Record companies don't usually ask artists to form a band. But after Dååth guitarists Eyal Levi and Emil Werstler submitted a track to the 2008 Magna Carta compilation Guitars That Ate My Brain, the label was so impressed that it invited the guitarists to record a full album of instrumentals.
The disc, Avalanche of Worms, is a majestic blend of psychedelic prog-rock, experimental rhythms, haunting melodic embellishments and blazing, classical- and jazz-inspired solos that sounds like Steve Vai on a diet of Mastodon, Opeth, early Yes and Bach. “We wanted to make a record that not only featured great playing but also stood alone as a complete piece of work,” Levi says.
Listening to it, you might think it took months to compose the songs, layer the rhythm and lead guitars, and finesse the tracks.

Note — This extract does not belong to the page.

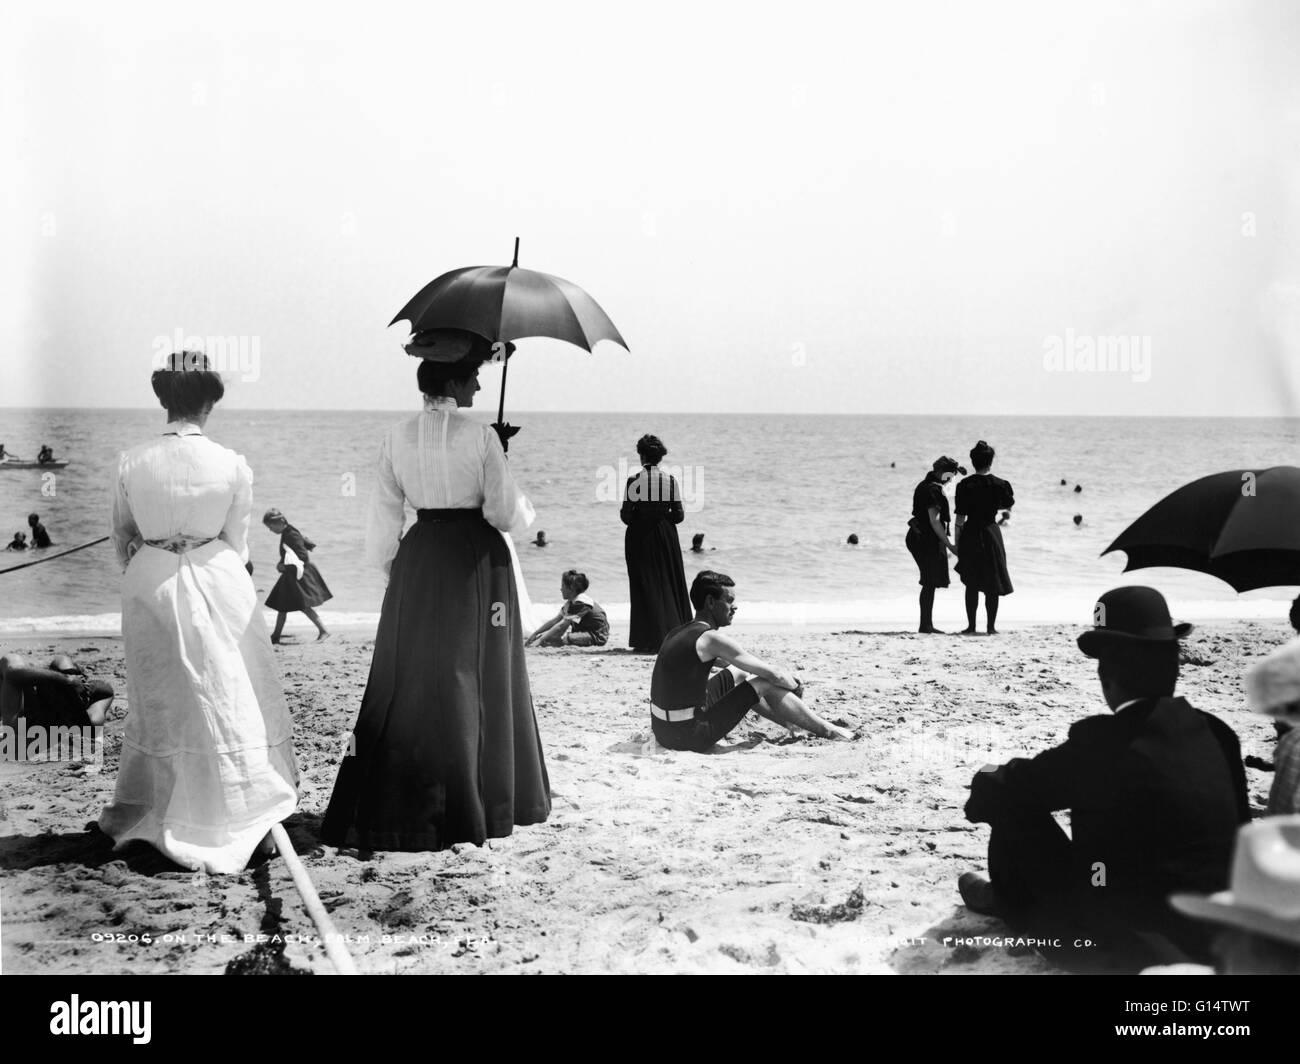 Palm Beach circa 1900 - 1906. - Stock Image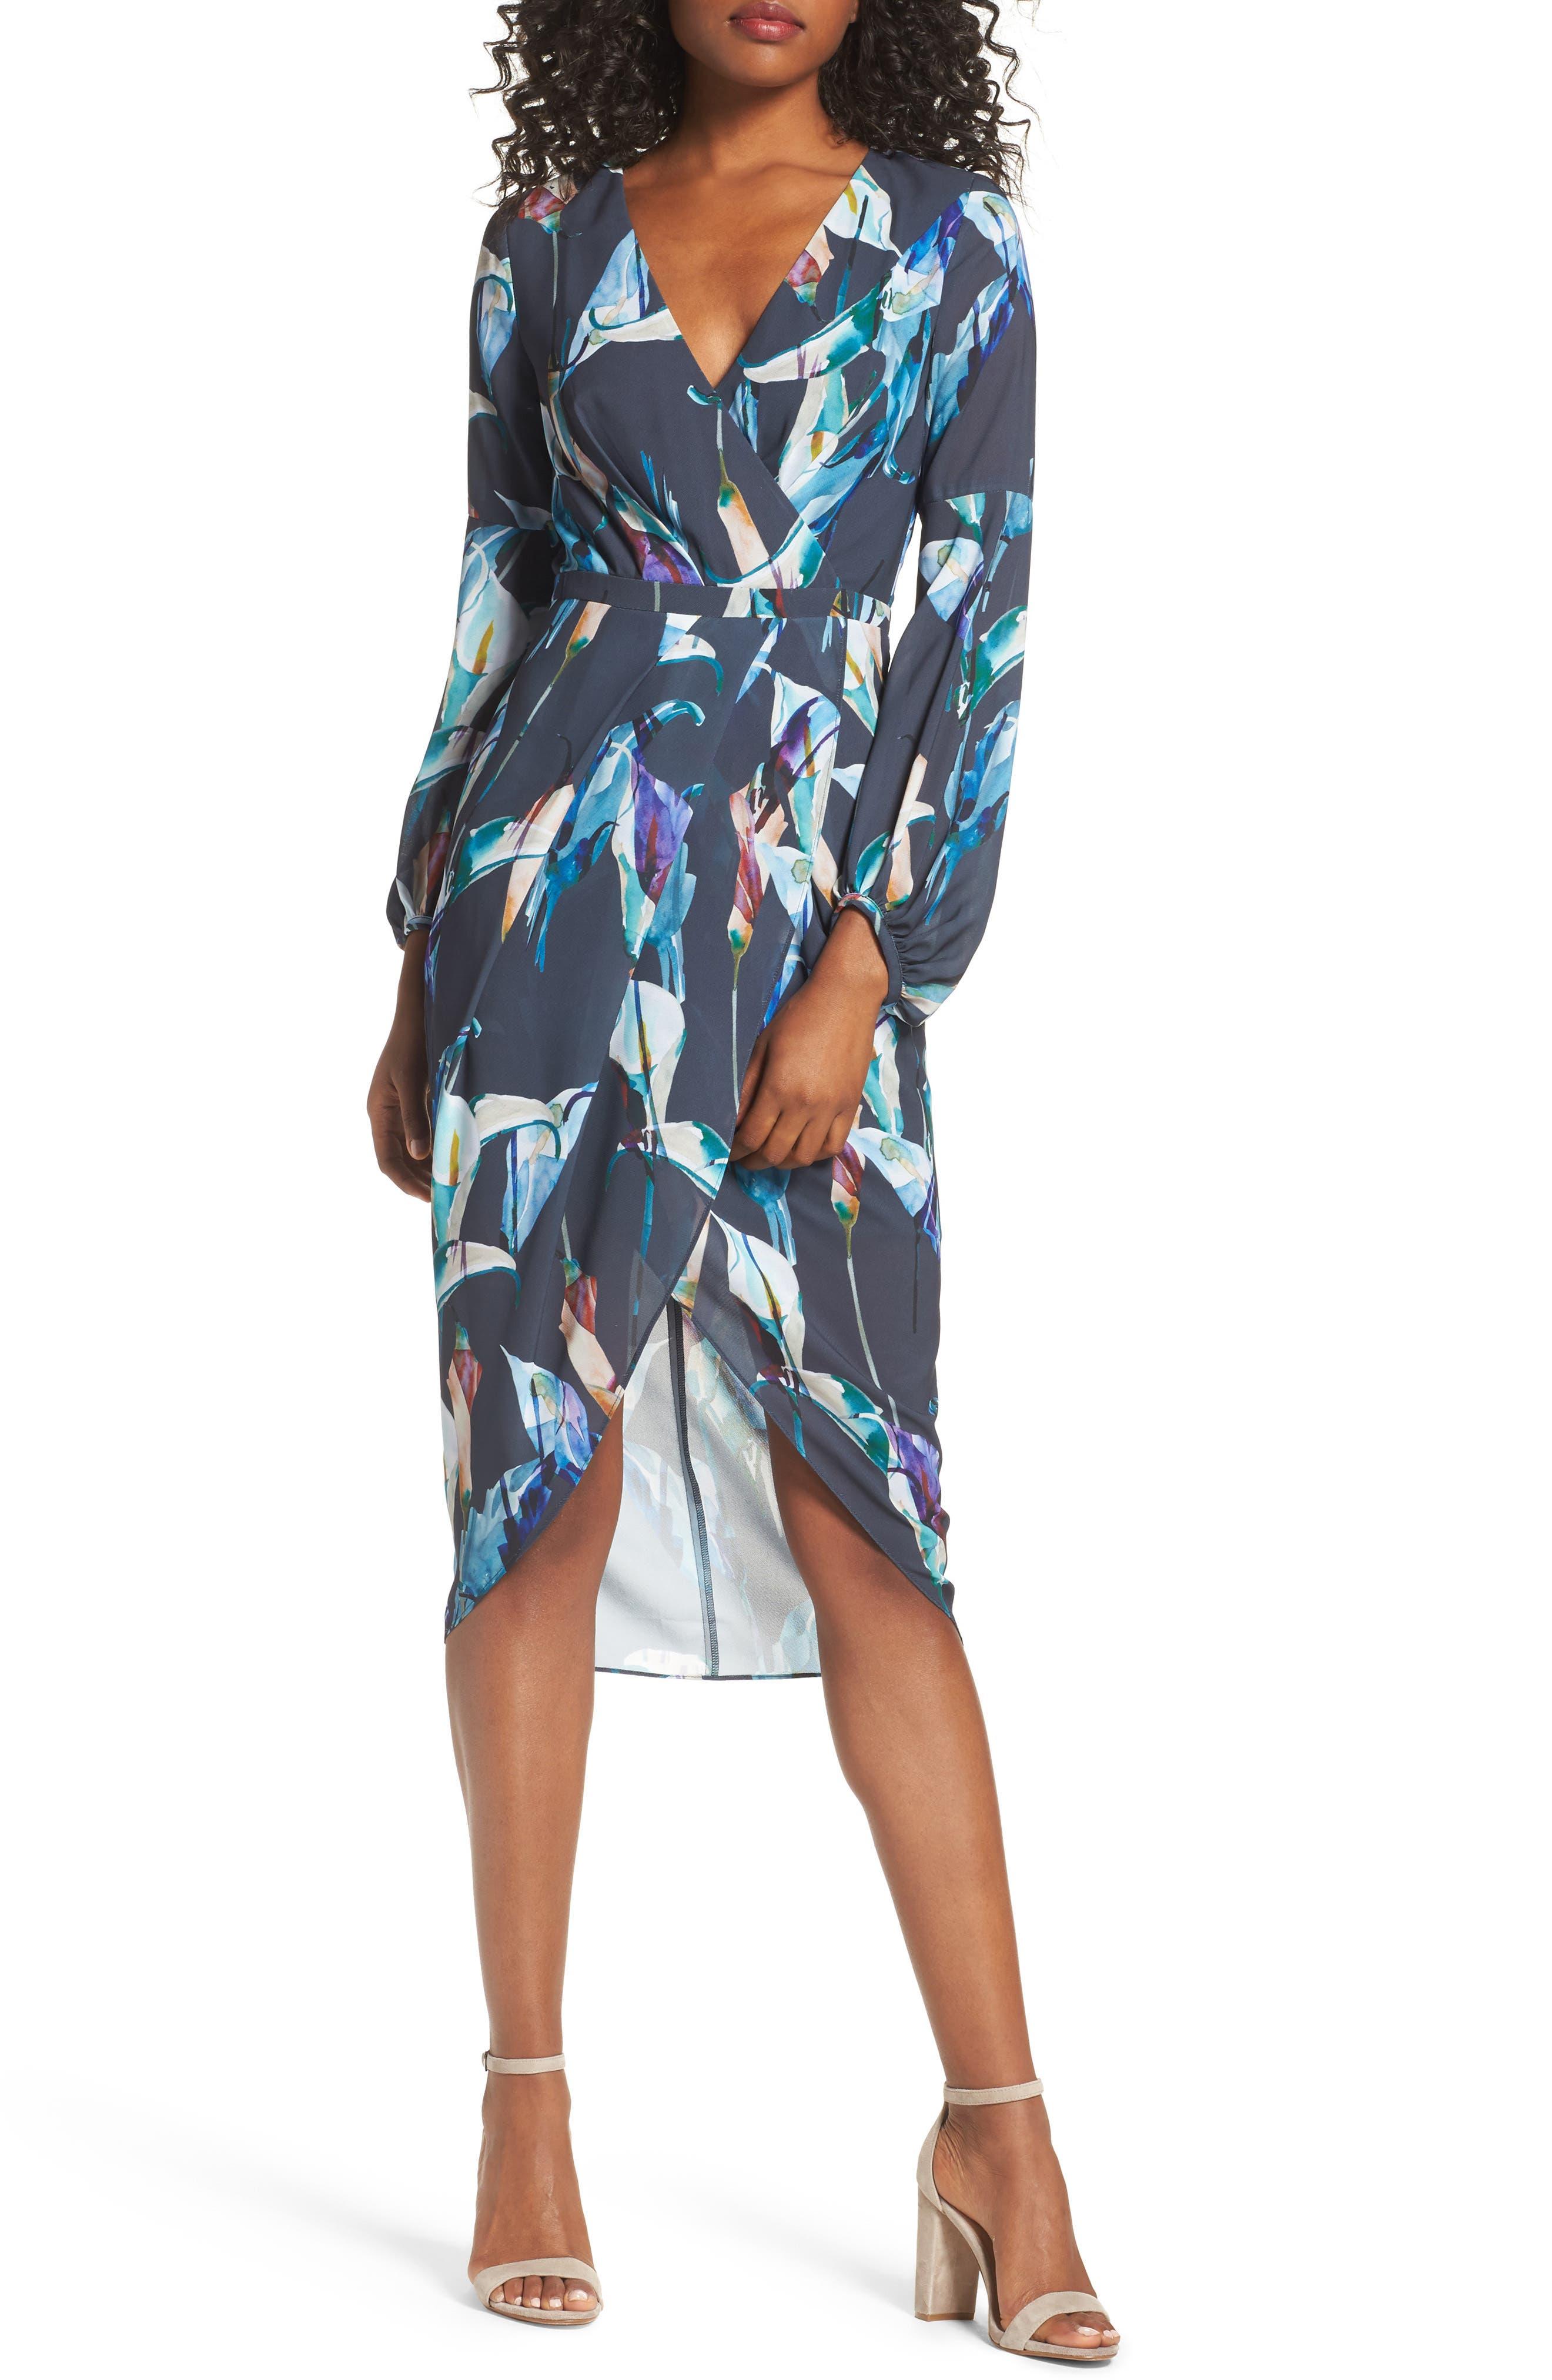 Romanticise Midi Dress,                             Main thumbnail 1, color,                             Black/ Aqua

Amazingly, Levi and Werstler wrote and recorded the entire album in just eight weeks in late 2009. “That’s all the time the label gave us,” Werstler says. “We wrote everything to a metronome, and then we got [Cynic drummer] Sean Reinert to add the drums, which worked out perfectly.” The team was assisted by bassist Kevin Scott and keyboardist Eric Guenther, and the album was mastered by engineer Mark Lewis, whose credits include Trivium and the Black Dahlia Murder.
Despite the circumstances, Levi and Werstler say Avalanche of Worms was the most enjoyable record they’ve ever worked on. “We had a fantastic time,” Werstler says. “We’d literally jam every day on this crazy stuff and just watch it all come together. It was chaos in motion.”